There never had been sweeter music to his ears than the voice of his son asking him to start immediately the legal forms of attaching all the Spellman property that they could find. With any other man Martin Moreland might have gone through a pretence of dreading to do this. With his son it was not necessary. He drew his lean hands across each other and moistened his lips. The malevolence of his smile he made no effort to conceal.

“Ten years is a long time,” he said in his cold, incisive voice, “to put into the building up of a structure, and it’s twice as long when it must be put into the tearing down. The care used in building is not necessary in demolition. We will now pull the underpinnings from Mahlon Spellman, his sweet wife, Elizabeth, and the precious darling, and we’ll watch them topple and fall.”

That afternoon father and son, ostentatiously accompanied by the sheriff, went to the dry-goods store. As they approached the door upon which the official was to nail the notice of attachment, they were amazed to see heavy streamers of black crêpe fluttering from it, and they learned for the first time, that while they had been closeted with their lawyer working out details of the business, Mahlon Spellman had escaped them. They would never have the pleasure of seeing him with his heart broken and his proud body bowed. If they ever saw him again, it would be when the dignity of death had set its ennobling mask upon his features.

The groan that broke from the lips of Martin Moreland was taken by the sheriff to be the product of compassion. He looked at him curiously. He had thought he was a man who would enjoy the business with which he was occupied.

His voice was softened to sympathy as he said: “I supposed you knew. They say it was heart trouble, that he’d been bad with it for a year, but he was too proud to let any one know.”

It was the elder Moreland who reached a detaining hand, saying: “We’d better defer this business till after the funeral.”

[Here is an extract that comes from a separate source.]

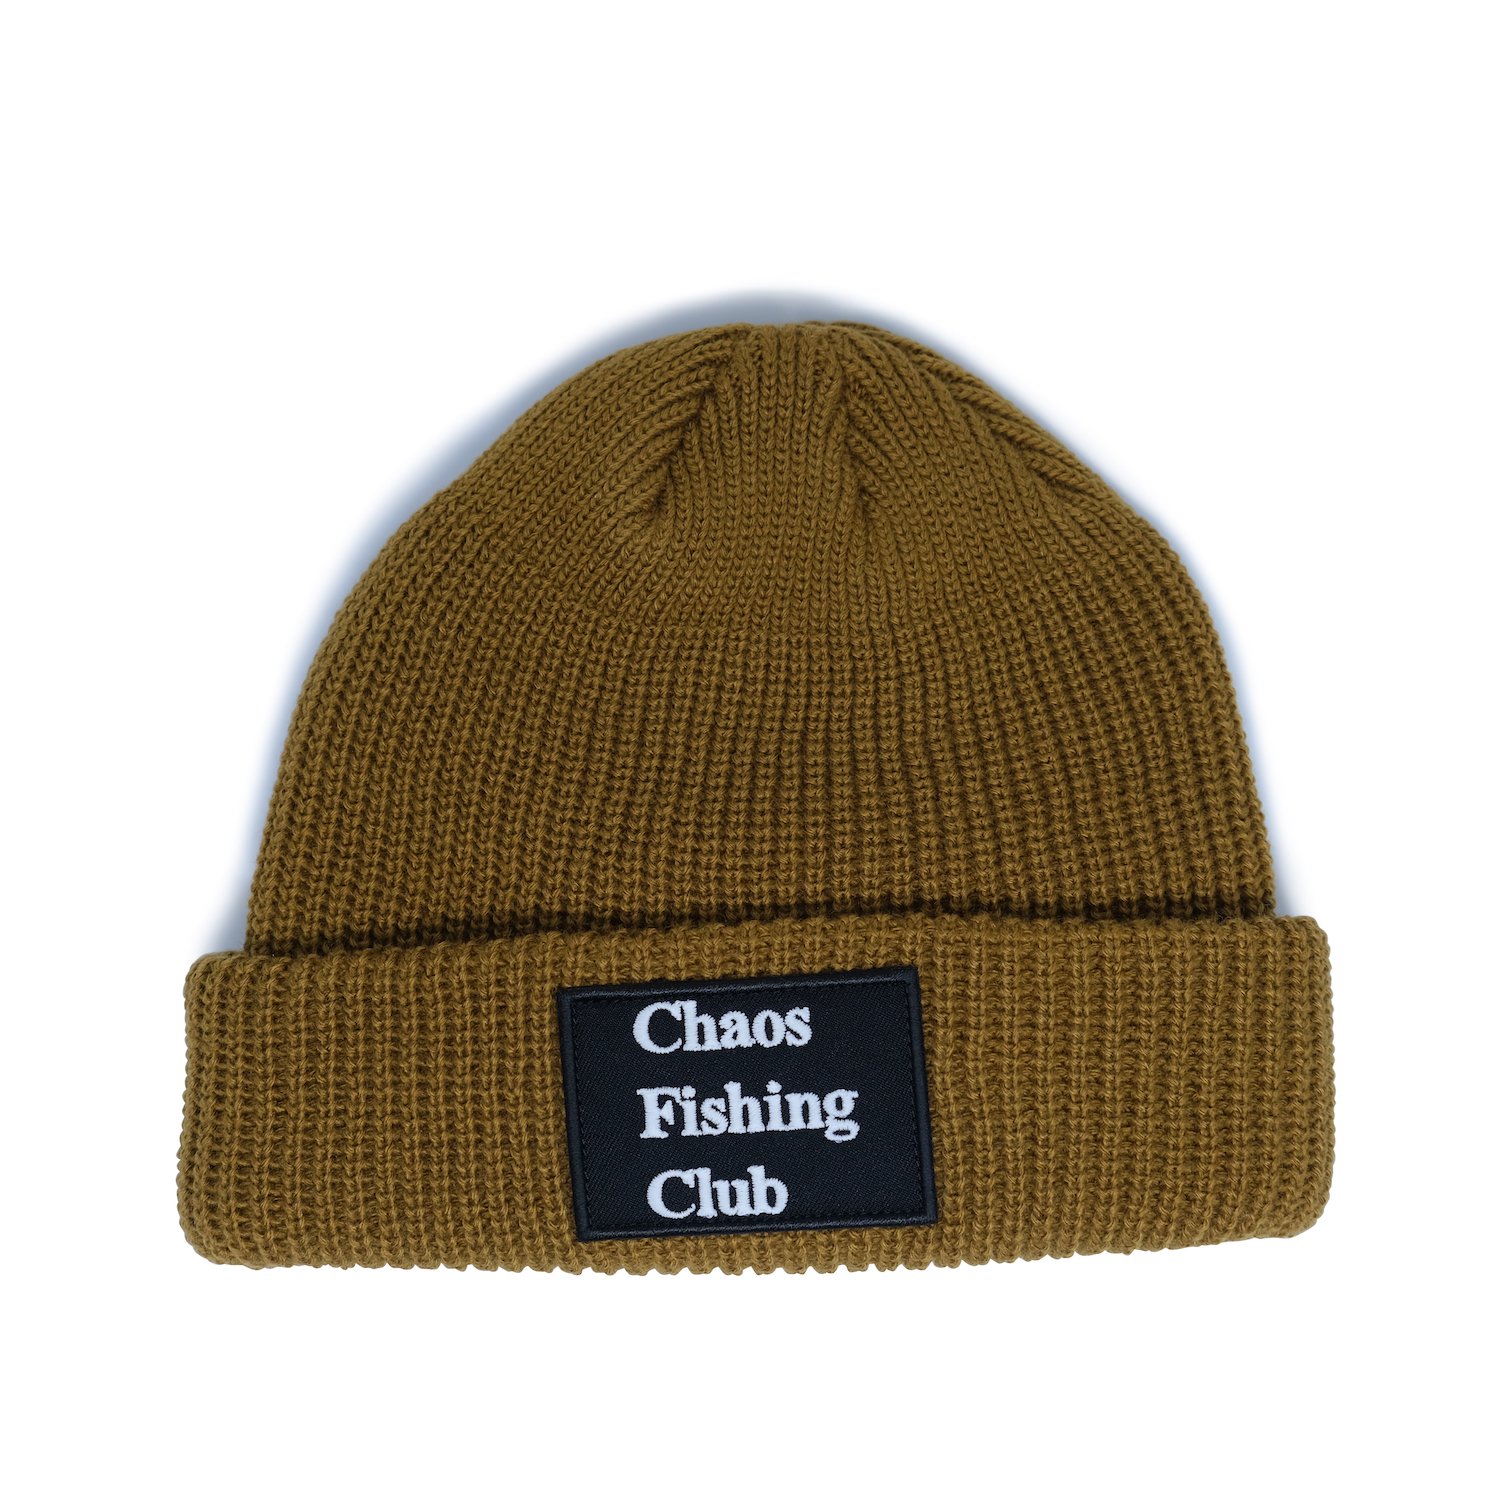 Chaos Fishing Club<br>LOGO KNIT CAP<br>
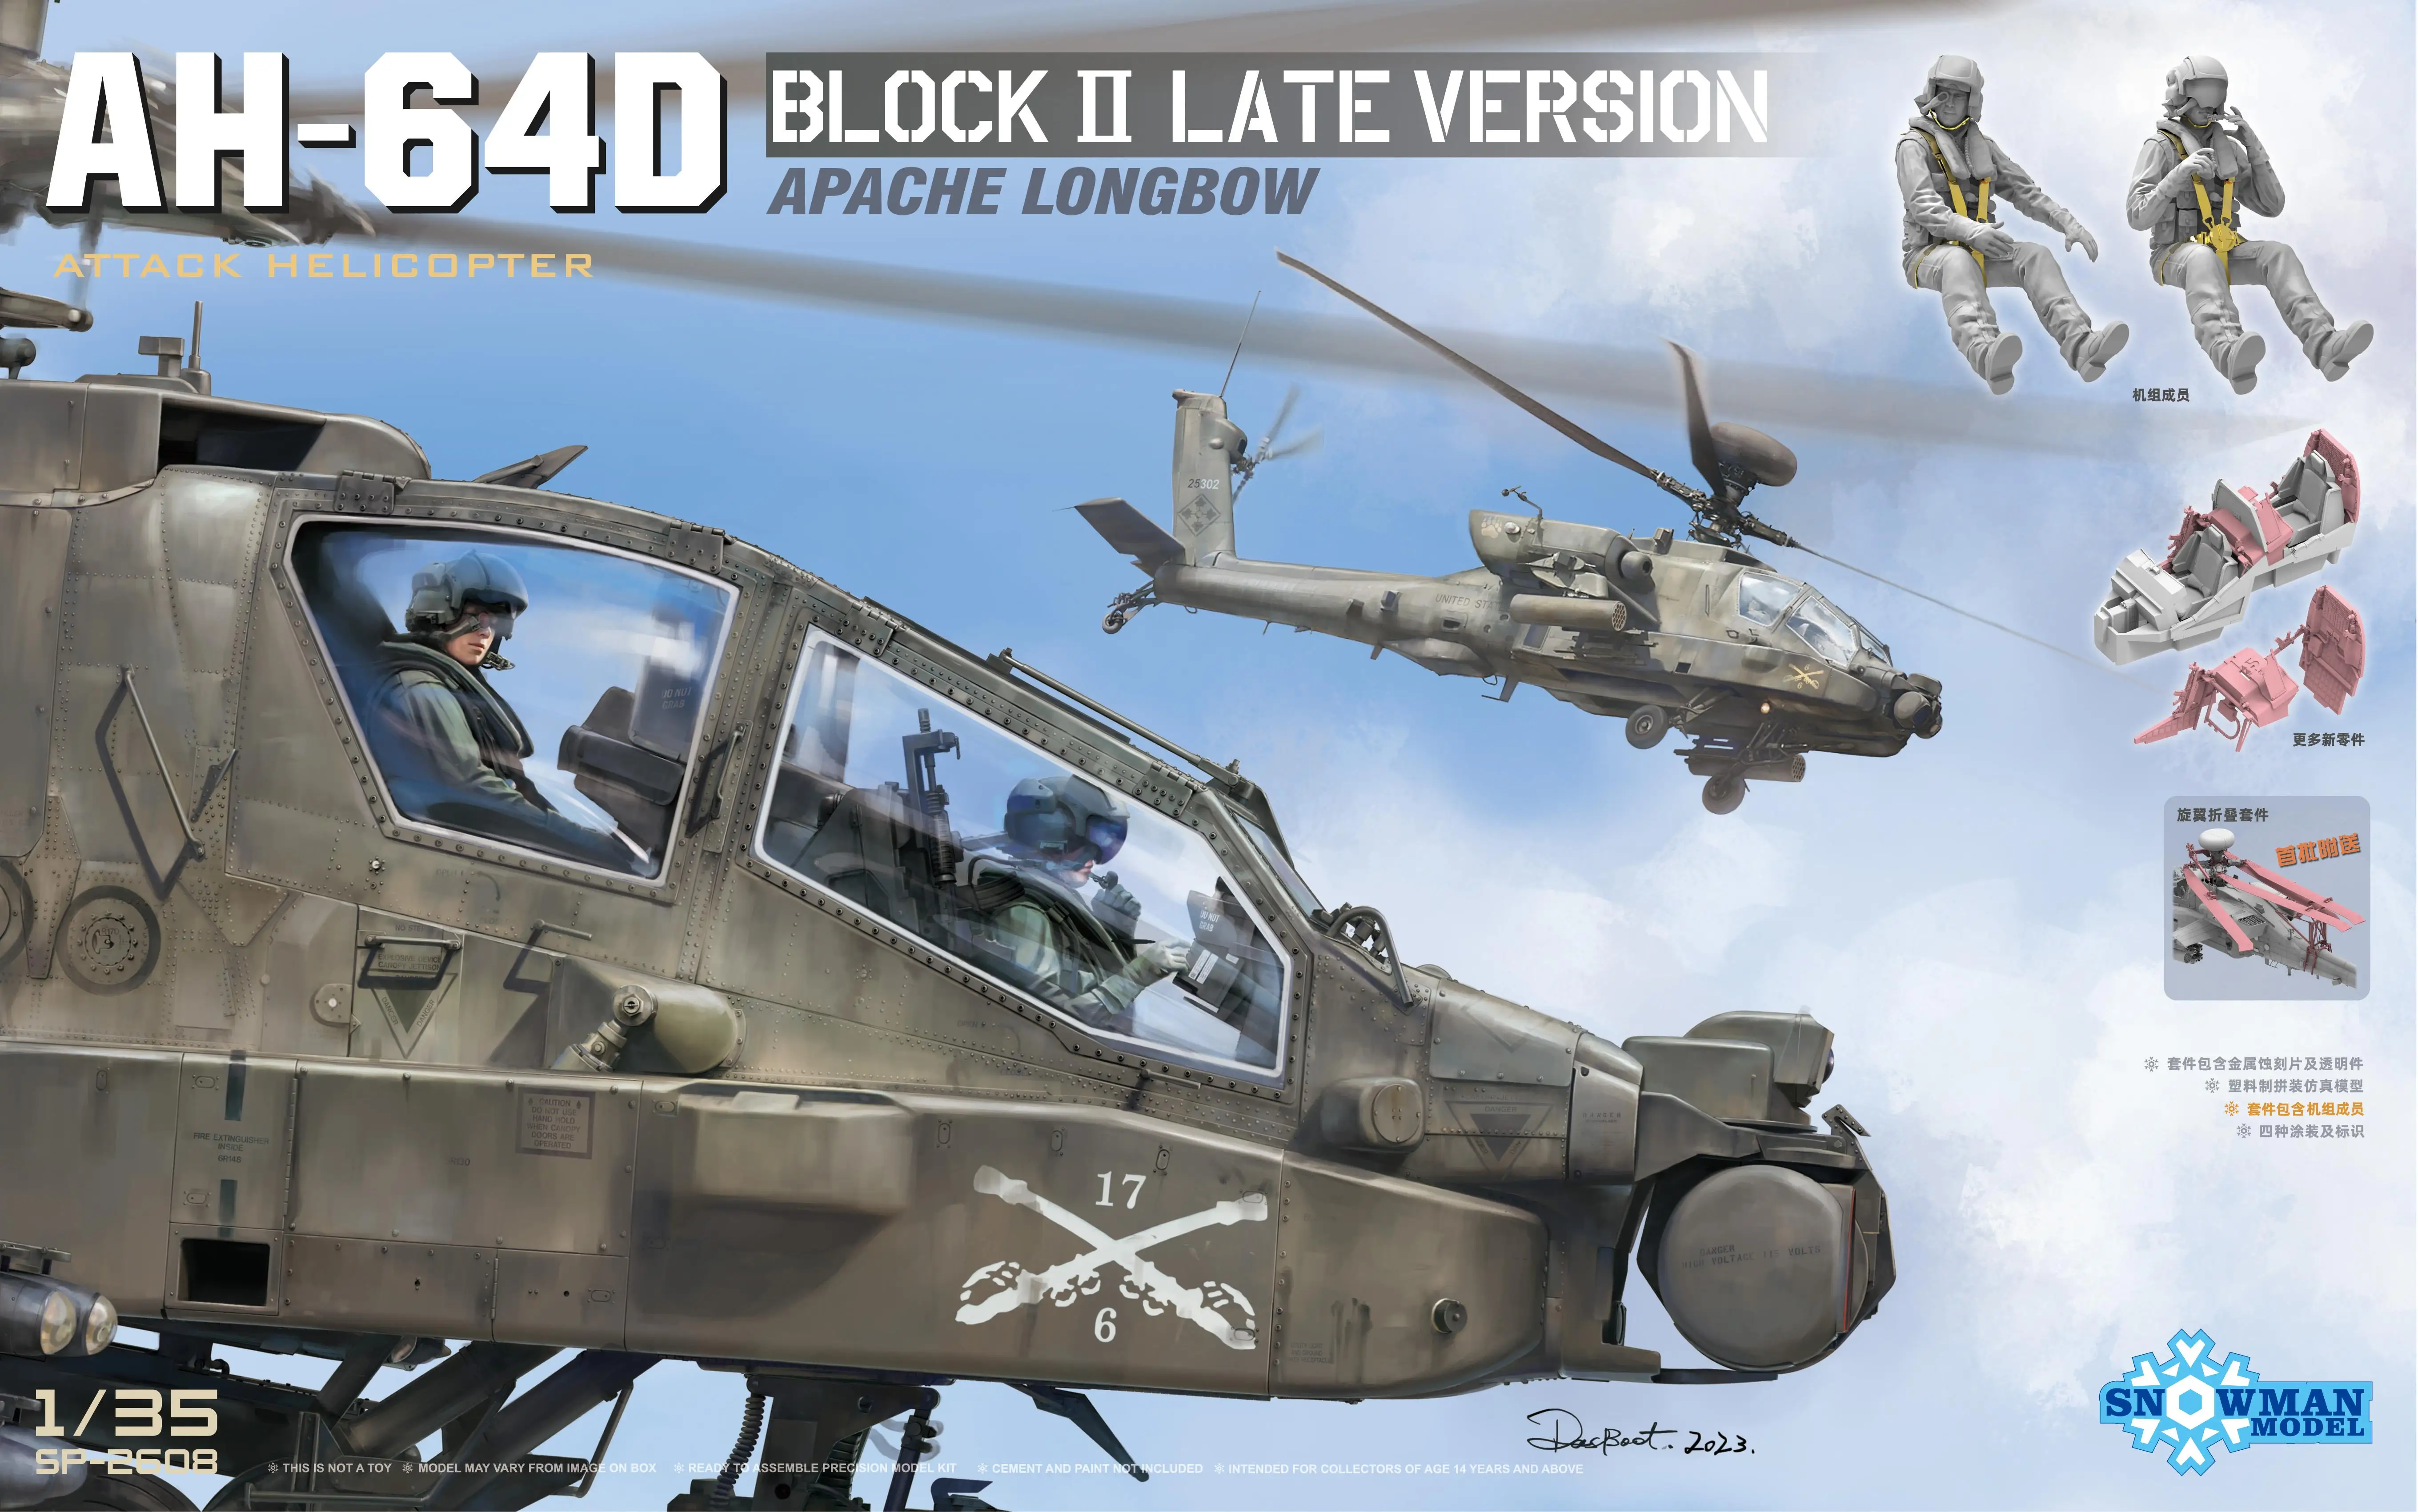 

SNOWMAN MODEL SP-2608 1/35 Scale AH-64D BLOCK II LATE VERSION APACHE LONGBOW

It was Junior, his handsome face sharpened to wolf-like lines, who said tersely: “Brace up, Dad. You’ve always told me that business was business. It’s too bad about the old man, but what’s it got to do with us? If this doesn’t turn the trick, nothing will. Nail it up!”

The sheriff was shocked. He protested. Martin Moreland ordered him to tack the notice above the crêpe on the store door, but to delay placing the one upon the residence until after the funeral.

As they turned away, Junior remarked: “I didn’t think you were so chicken-hearted, Dad. Why don’t you go through with it? Why don’t you give them all that’s coming to them at once?”

Martin Moreland walked in silence for a minute. Then he said quietly: “Junior, did you ever hear of a boomerang? It’s supposed to be a weapon that you throw at some one else with the knowledge that it may miss its mark and return and bury itself in your own heart. There are plenty of people in this town who would be overjoyed at an opportunity to get their arrows into my heart. A wrong move in the present situation would in my judgment be risking the boomerang. It’s better to go slow, to make a pretence of sympathy and let the law, which happens to be inevitable once it starts, and inexorable under headway, do the remainder for us.”